Using again (3.15), one also verifies that

$$\begin{aligned} \int _{0}^{\infty } |\nabla \widehat{K}_h(g)|\,dh \lesssim d(g)^{-2n - 3}, \qquad 0 < d(g) \le 2. \end{aligned}$$
(5.3)

Assuming now \( d(g) > 1\), we first consider the integral over \(d(g)/4< h < d(g) \). For such h, we use (4.6) and the middle quantity in (4.7), and get

$$\begin{aligned}&\int _{d(g)/4}^{d(g)} h^{-1}\, {K}_h(g)\,dh\\&\lesssim e^{a \cdot x - d(g)}\, d(g)^{-\frac{5}{2}} (1 + |z|)^{\frac{1}{2} -n} \int _{d(g)/4}^ {d(g)} \exp \left\{ - \frac{(2h - d(g))^2}{4 h} \right\} \, dh \\&\sim e^{a \cdot x - d(g)}\, d(g)^{-2}\, (1 + |z|)^{\frac{1}{2}-n}. \end{aligned}$$

The integral over \(0 < h \notin (d(g)/4, d(g))\) is controlled by \(e^{a \cdot x - d(g)- cd(g)}\), as seen by means of the middle expressions in (4.9) and (4.11). Thus altogether

$$\begin{aligned} \int _{0}^{\infty } |\widehat{K}_h(g)| \,dh \lesssim e^{a \cdot x -d(g)}\, d(g)^{-2}\, (1 + |z|)^{\frac{1}{2}-n}, \qquad d(g) > 1. \end{aligned}$$
(5.4)

To prove the weak type (1,1) of \({\mathcal {R}}_1\), we split the operator into a global and a local part. Choose a smooth function \(\eta \ge 0\) in \({\mathbb {H}}_{n}\) satisfying \(\eta (g) = 1\) if \(d(g) \le 1\) and \(\eta (g) = 0\) if \(d(g) \ge 2\). Then we define \(\widehat{K}_h^{\mathrm{glob}}(g) = \widehat{K}_h(g)\,(1 - \eta (g))\) and

$$\begin{aligned} {\mathcal {R}}_1^{\mathrm{glob}}\phi (g) = \frac{1}{\sqrt{\pi }} \, e^{-2a\cdot x}\,\int _{0}^{\infty } f * \widehat{K}_h^{\mathrm{glob}}(g)\,dh. \end{aligned}$$

The local part is

$$\begin{aligned} {\mathcal {R}}_1^{\mathrm{loc}} = {\mathcal {R}}_1 - {\mathcal {R}}_1^{\mathrm{glob}}. \end{aligned}$$

For \(g \notin \mathrm {supp}\,f\), the local part is given by

$$\begin{aligned} {\mathcal {R}}_1^{\mathrm{loc}}\phi (g) = \frac{1}{\sqrt{\pi }}\, e^{-2a\cdot x}\,\int _{0}^{\infty } f * \widehat{K}_h^{\mathrm{loc}}(g)\,dh, \end{aligned}$$

where \(\widehat{K}_h^{\mathrm{loc}}(g) = \widehat{K}_h(g)\,\eta (g)\) satisfies the estimates (5.2) and (5.3), like \(\widehat{K}_h\). Notice that these are the standard estimates for singular integrals of Calderón–Zygmund type. By means of a suitable splitting of \({\mathbb {H}}_{n}\) into pieces, it can be proved first that \({\mathcal {R}}_1^{\mathrm{loc}}\) is bounded on \(L^p(\mu _v),\; 1< p < \infty \), and then that it is also of weak type (1,1), see [7, Lemma 5 p. 1316 f.].

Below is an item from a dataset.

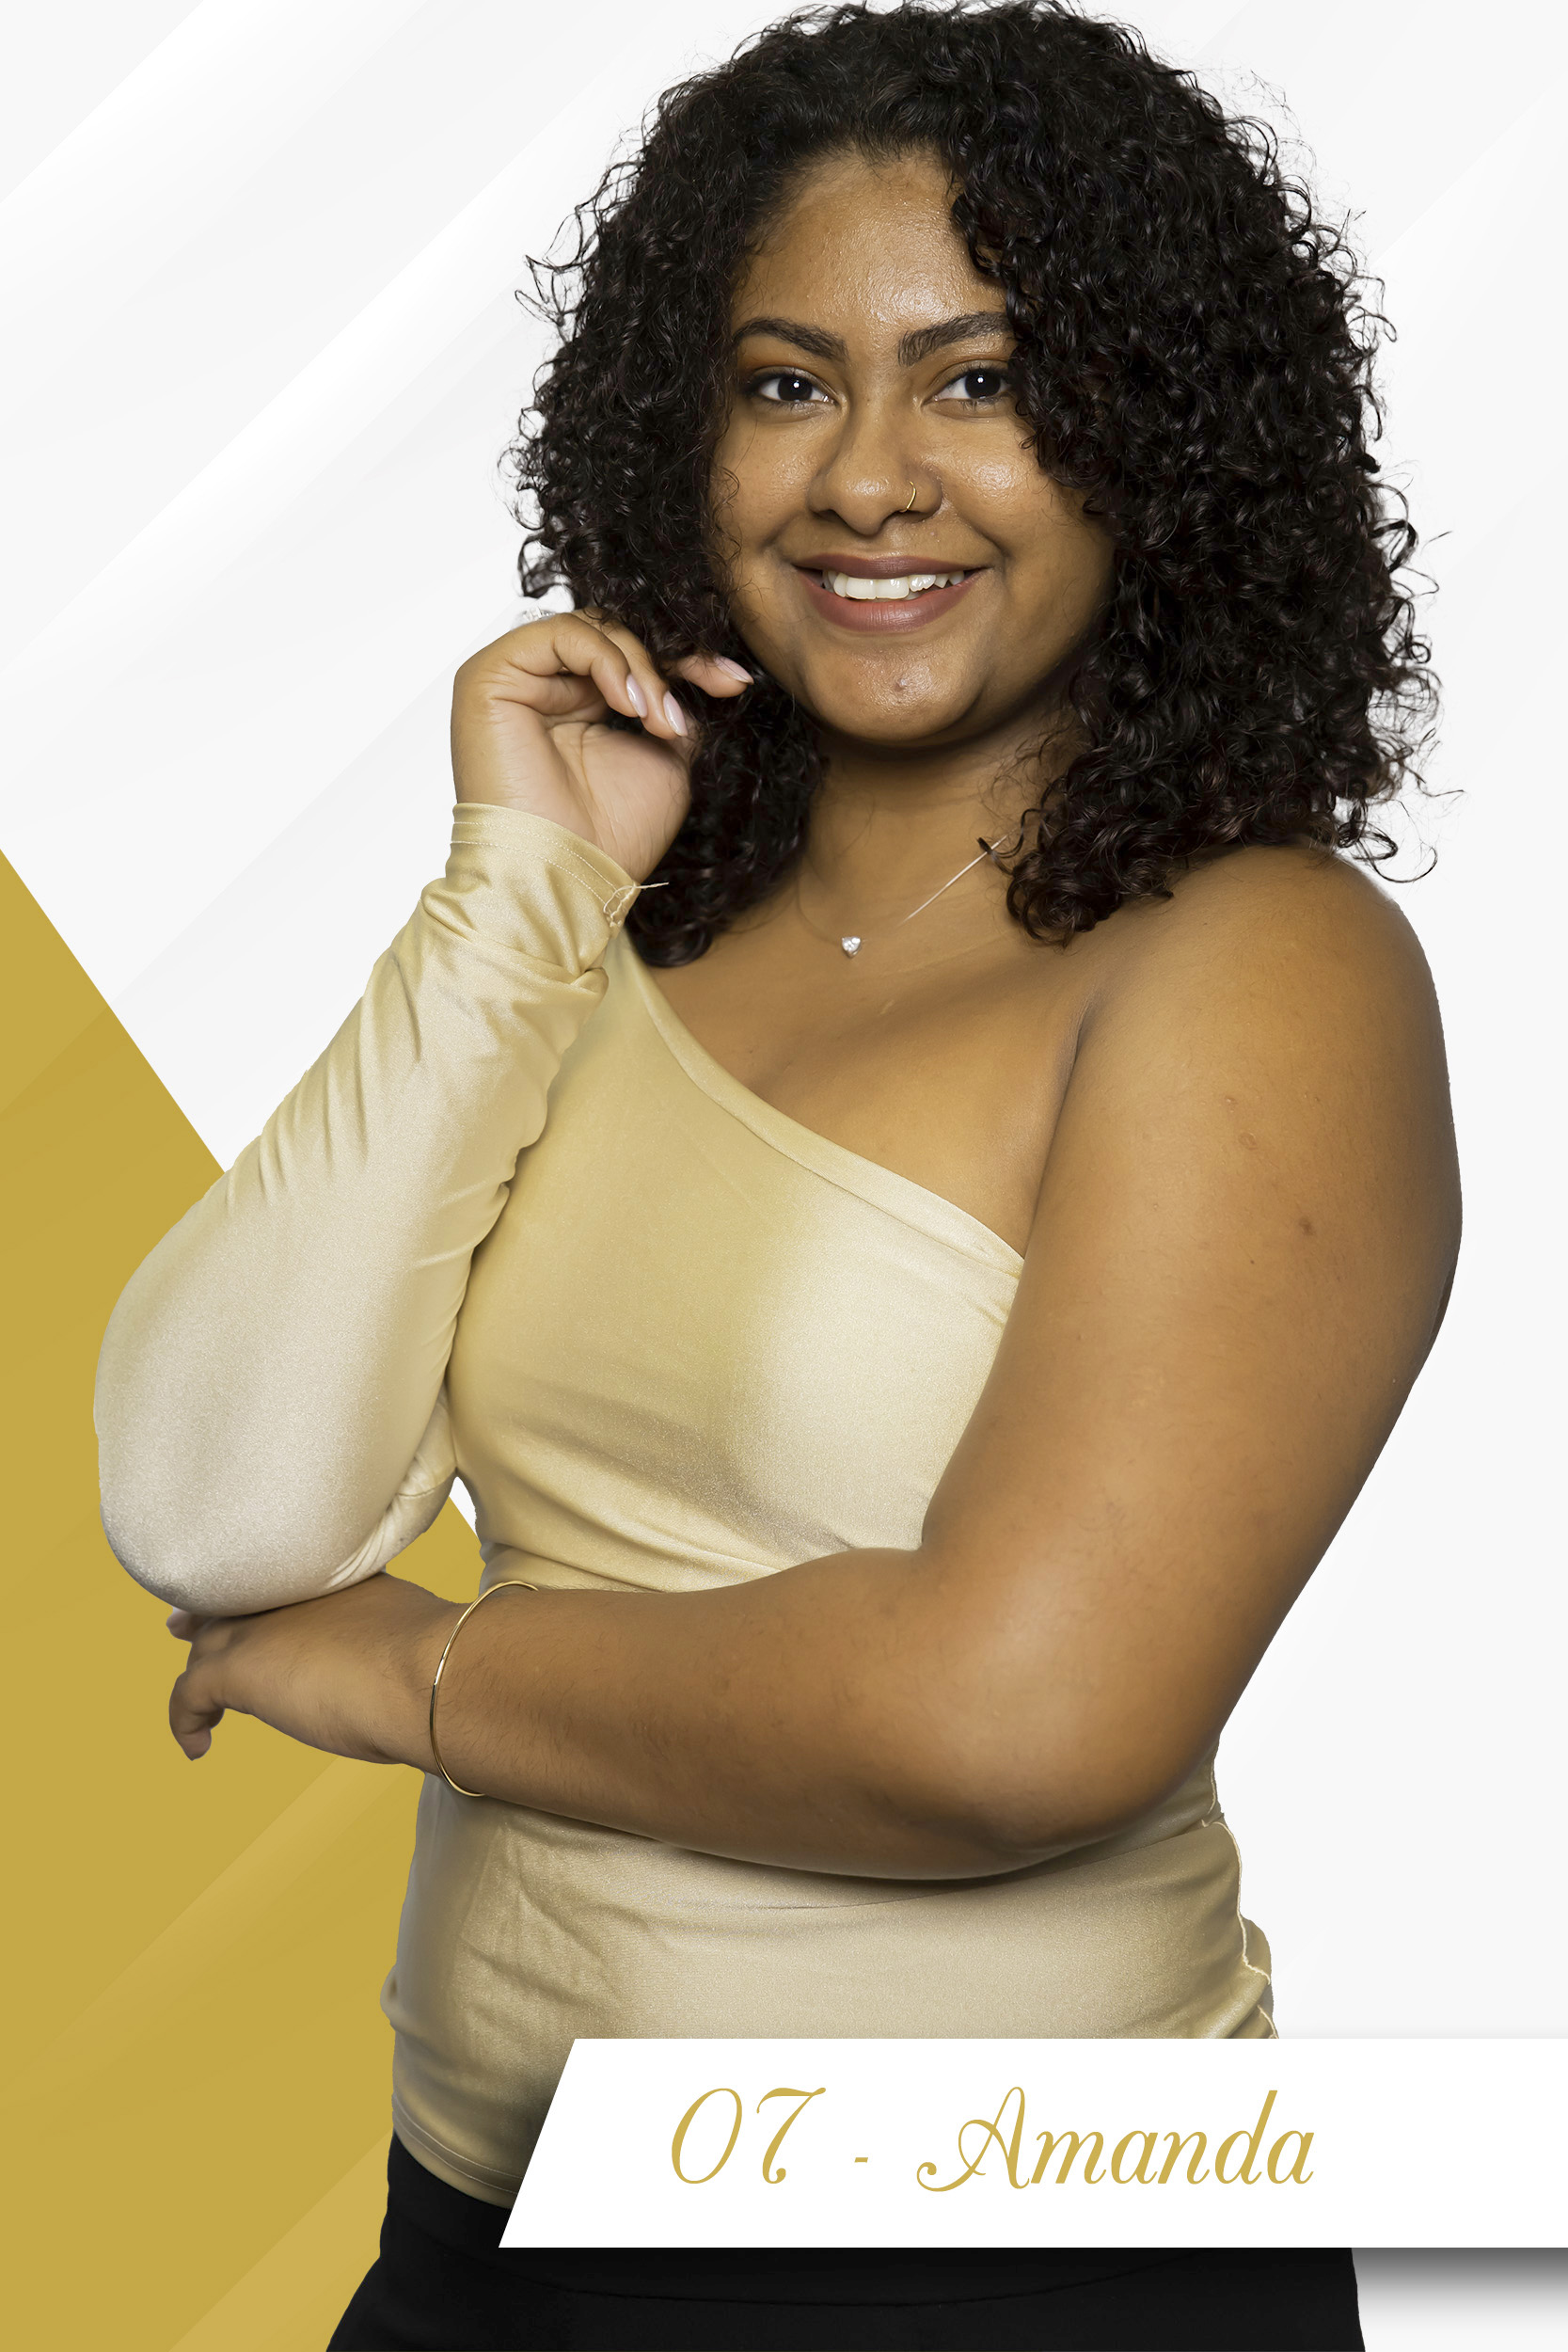 N°7: Amanda Ramdavoua

For the global part, (5.4) implies that

$$\begin{aligned} \int _{0}^{\infty } |\widehat{K}_h^{\mathrm{glob}}(g)|\,dh \lesssim e^{a \cdot x - d(g)}\, d(g)^{-2}\, (1 + |z|)^{\frac{1}{2}-n} =: K^*(g). \end{aligned}$$
(5.5)

The operator we thus need to estimate is \(f \mapsto e^{- 2 \, a \cdot x}\, f *{K^*}\), for \(0\le f \in L^1(dg)\). It is actually enough to consider \(e^{- 2 \, a \cdot x}\, f *(K^{*}\, \chi _E)\), where

$$\begin{aligned} E = \{ g:\, a \cdot x > 1,\;\;|x_{\perp }| + |y| + \sqrt{|t|} \le a \cdot x\}. \end{aligned}$$

Indeed, for the complement of this set we can apply Lemma 6 as in Sect. 4.1.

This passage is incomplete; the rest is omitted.